I have a homework question that I don't know how to answer. It goes like this:
Give complete details on the derivation of the five-point centered approximation to the second derivative of a function $f(x)$ for the example below. Also, give complete details on using Taylor expansions to determine the leading error term, as given in the example below.

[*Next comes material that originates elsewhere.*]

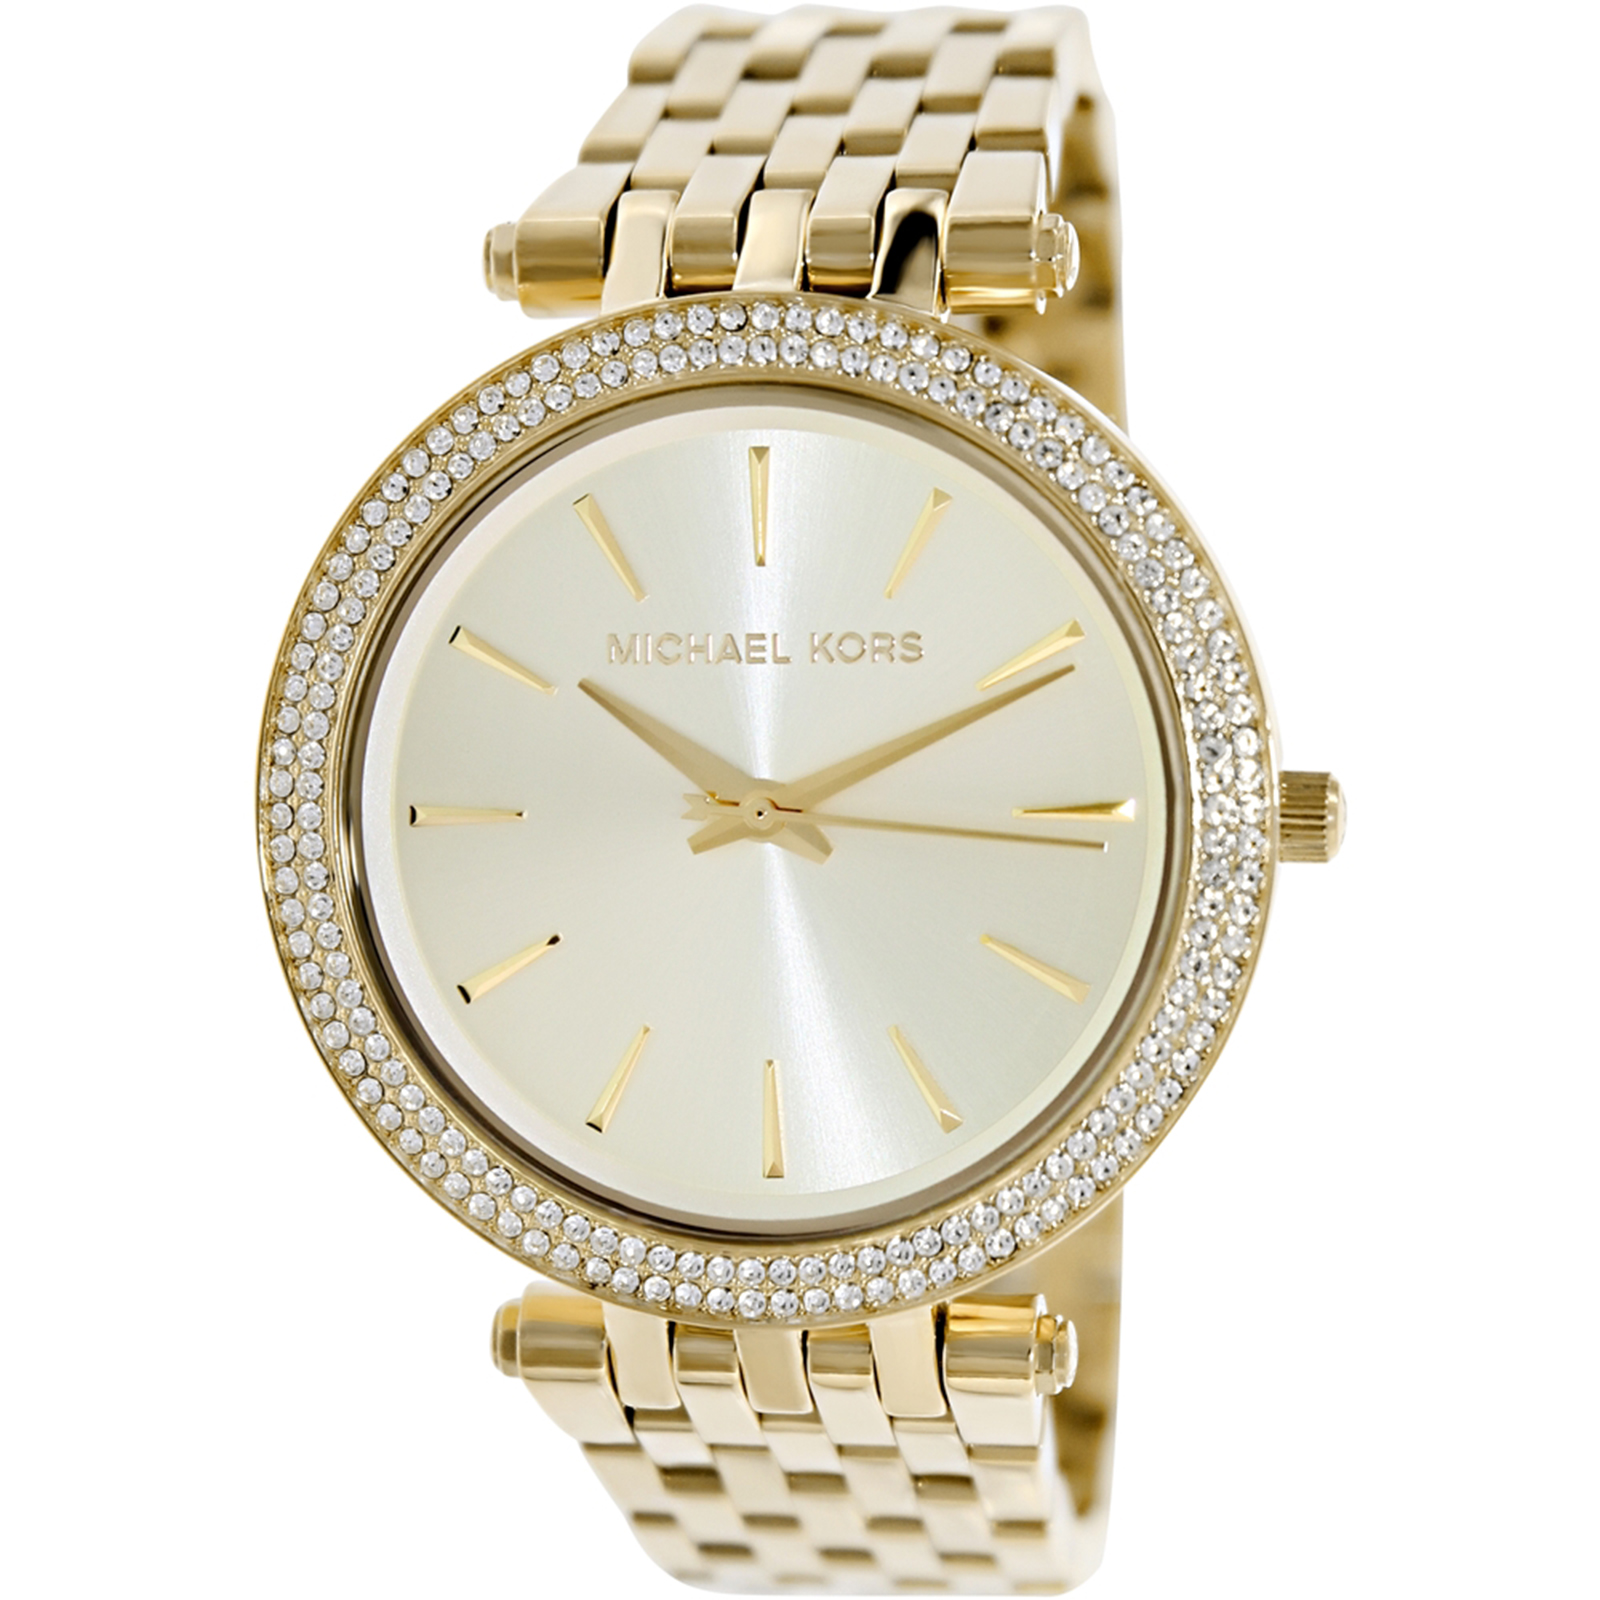 Michael Kors MK3191 Women’s Darci Glitz Stainless Steel Watch - Gold

With $n = 4$, $m = 2$, and $x = x_2$, and reference interval $x_0 = -2h$, $x_1 = -h$, $x_2 = 0$, $x_3 = h$, $x_4 = 2h$, we have $$f''(x_2) \cong \sum_{i=0}^4 f_i l''_i(x_2)$$ Here $$l_0(x) = \frac{(x - x_1)(x - x_2)(x - x_3)(x - x_4)}{(x_0 - x_1)(x_0 - x_2)(x_0 - x_3)(x_0 - x_4)}$$ $$=\frac{(x - x_1)(x - x_2)(x - x_3)(x - x_4)}{24h^4}$$
Differentiating, and setting $x$ equal to $x_2$, we find $$l''_0(x_2)=\frac{-1}{12h^2}$$ Similarly $$l''_1(x_2)=\frac{16}{12h^2}, l''_2(x_2)=\frac{-30}{12h^2}, l''_3(x_2)=\frac{16}{12h^2}, l''_4(x_2)=\frac{-1}{12h^2}$$
Hence we have the five point finite difference approximation $$f''(x_2)\cong\frac{-f_0+16f_1-30f_2+16f_3-f_4}{12h^2}$$
By Taylor expansion, one can show that the leading error term is $$\frac{h^4f^{(6)}(x_2)}{90}$$
I have no clue how to answer this question. Some help will be much appreciated. Thank you!
Edit: To be clear, I just don't understand what they mean by "give complete details".